The cuts are part of 9,000 job losses announced by the bank in 2014, said Unite.

Around IT 80 jobs will be moved to India, according to the union.

Unite regional officer John Morgan-Evans said: "It is alarming that Lloyds are continuing to offshore IT roles in the name of driving down cost. This simply means that the bank want to pay an IT worker in India less for the same work carried out in the UK. This disastrous race to the bottom hurts our members and inevitably impacts customers.

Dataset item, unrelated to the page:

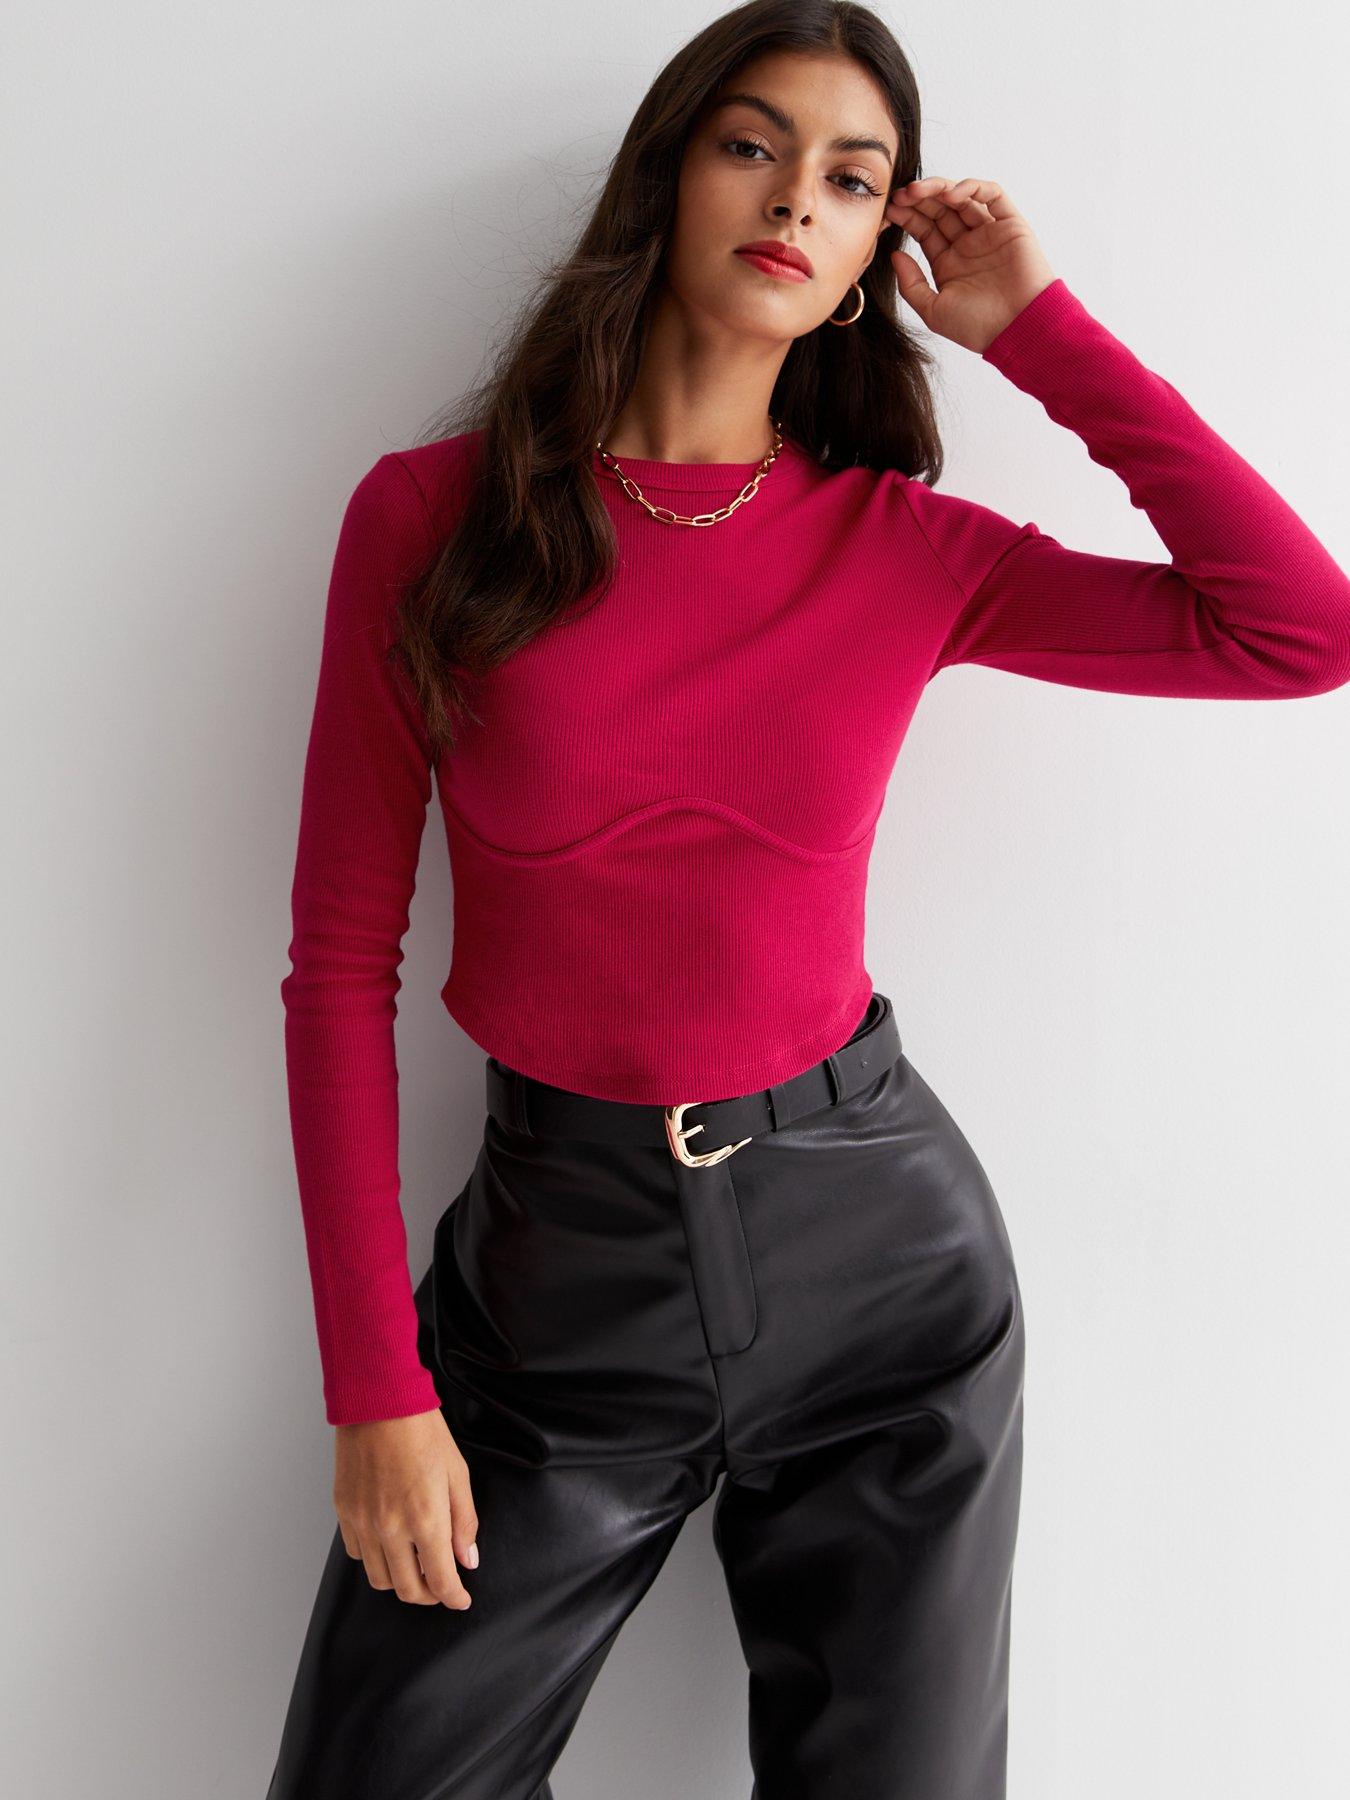 New Look Bright Pink Corset Bust Seamed Long Sleeve Top
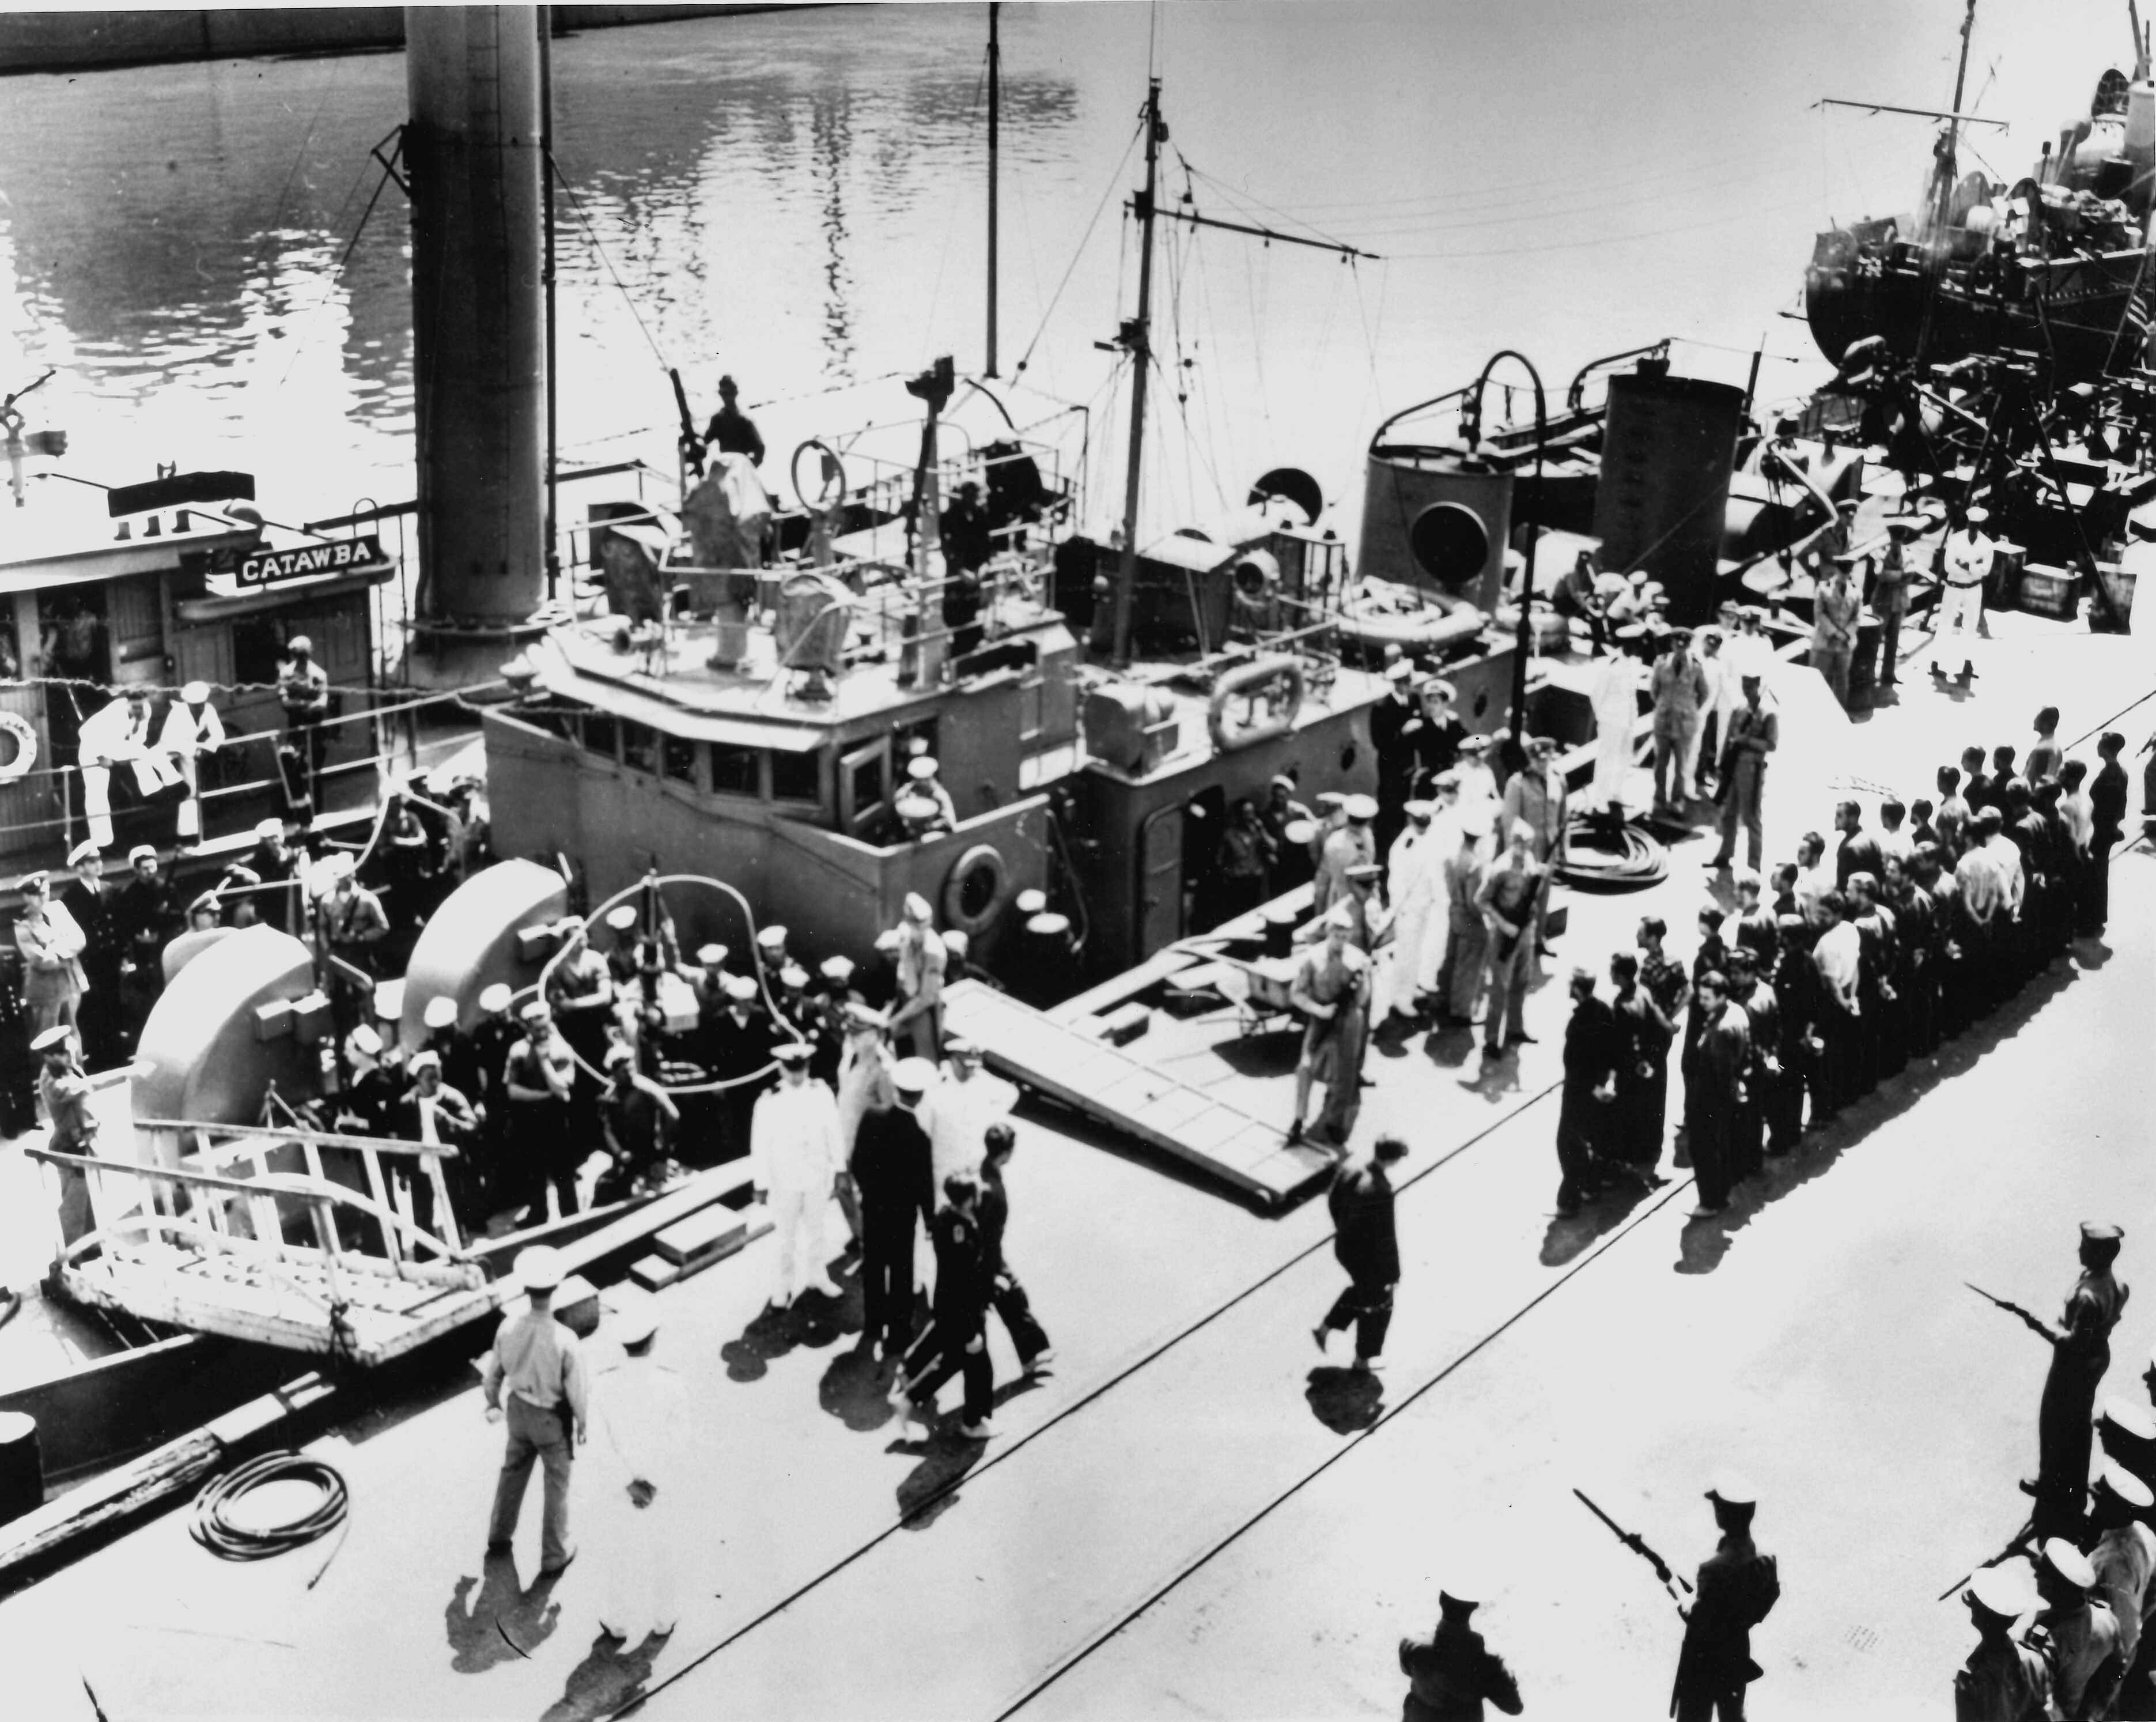 First German POWs captured by U.S. forces are marched off Cutter Icarus onto the docks at the former Charleston Navy Yard, now Coast Guard Base Charleston. The cutter sank their submarine, U-352, in May 1942 off the North Carolina coast. (U.S. Coast Guard)

"Unite has made it clear that 'efficiency' cannot simply mean axing more jobs while expecting the same work to fall on fewer shoulders.

"The bank forgets that these relentless cuts have a human cost. Unpaid overtime and work-related stress are already at endemic levels across the bank and this will reach a crisis point if Lloyds continue to swing the axe."

Unite said the job losses will be followed by a recruitment freeze in several of the bank's divisions, while many staff will have to go through a new assessment process, increasing worries of further cuts.

The cuts are taking a heavy toll on workers, with three out of four reporting symptoms of stress, while four out of five are working unpaid overtime every week, the union claimed.

Lloyds said it would be creating 195 new jobs across the affected business areas, leading to a net loss of around 430 posts under its previously announced three year strategy.

A statement said: "'As part of our Group Strategic Review, we also announced 200 branch closures over the three year period. Today we can confirm that we will be closing 21 branches during July 2016 as part of this strategy.

"Branches will continue to play an important role in our multi-channel approach to meeting customer needs and we expect to continue to have the biggest branch network in the UK.

"Lloyds Banking Group is committed to working through these changes with employees in a careful and sensitive way. All affected employees have been briefed by their line manager today.

"The Group's policy is always to use natural turnover and to redeploy people wherever possible to retain their expertise and knowledge within the Group.

"Where it is necessary for employees to leave the company, it will look to achieve this by offering voluntary redundancy. Compulsory redundancies will always be a last resort."